Stena AB highlights (in MSEK)

  • Revenue 21,824 (22,127)
  • Operational profit -2,340 (-869)
  • Profit before tax -3,372 (-2,062)
  • Profit for year -3,124 (-2,396)

First Quarter For Viking Line Unchanged

By 2019 Newsletter week 18

Key figures Q1

  • -4.5% Sales EUR 95.8 million (100.3)
  • +5.8% Operating income EUR -14.2 million (-13.5)
  • -4.3% Income before taxes EUR -15.4 million (-16.1).
  • -4.7% Income after taxes EUR -12.3 million (-12.9).

Future prospects unchanged: Operating income for 2019 will remain on a par with 2018 or improve.

Traffic figures Q1

Remark: this year, the busy Easter period is not in Q1 but in April, Q2.

  • -7,8% passengers
  • -4.0% cars
  • +8.8% cargo

IN THE MEDIA

By 2019 Newsletter week 18

UK Government Cancels Brexit Ferry Deals

The UK Department for Transport is cancelling contracts to provide extra ferry services after Brexit.
The government bought £89m worth of capacity from Brittany Ferries and DFDS.
Ending the contracts could cost the taxpayer more than £50m.
“We needed to be ready”, said Mr Grayling, the Transport Secretary. The cancelled contracts were part of a £4bn no-deal “insurance policy” the government had put in place.
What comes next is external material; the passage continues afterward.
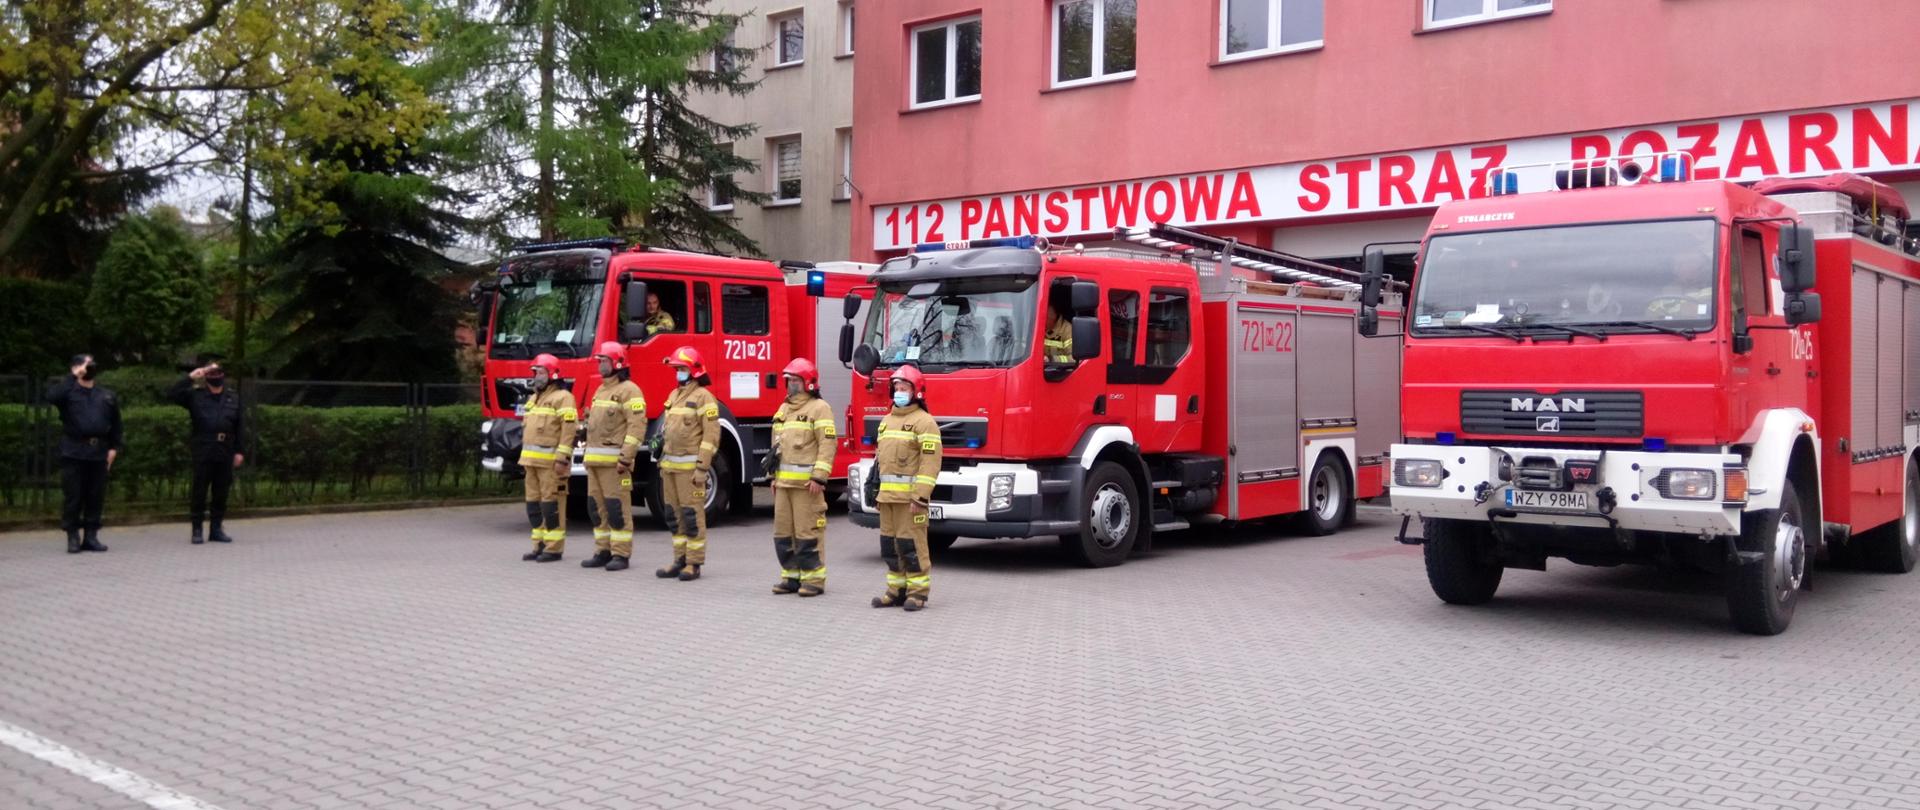 Strażacy na tle samochodów i strażnicy w Żyrardowie

Calmac Ferry Contract Woes: ‘Getting Rid Of These Vessels Would Be A Godsend’

By 2019 Newsletter week 18

Ferguson Marine Engineering Ltd (FMEL) last month launched legal action against Caledonian Maritime Assets Ltd (CMAL) in a row over a £97 million contract to build two new dual-fuel ferries for the Clyde and Hebrides Ferry Service.
Both ships look set to be months behind schedule.

Central to the dispute is the cost of building the two new ferries.
FMEL claims that the operator has demanded hundreds of design changes.
CMAL insists the work is covered by the original contract.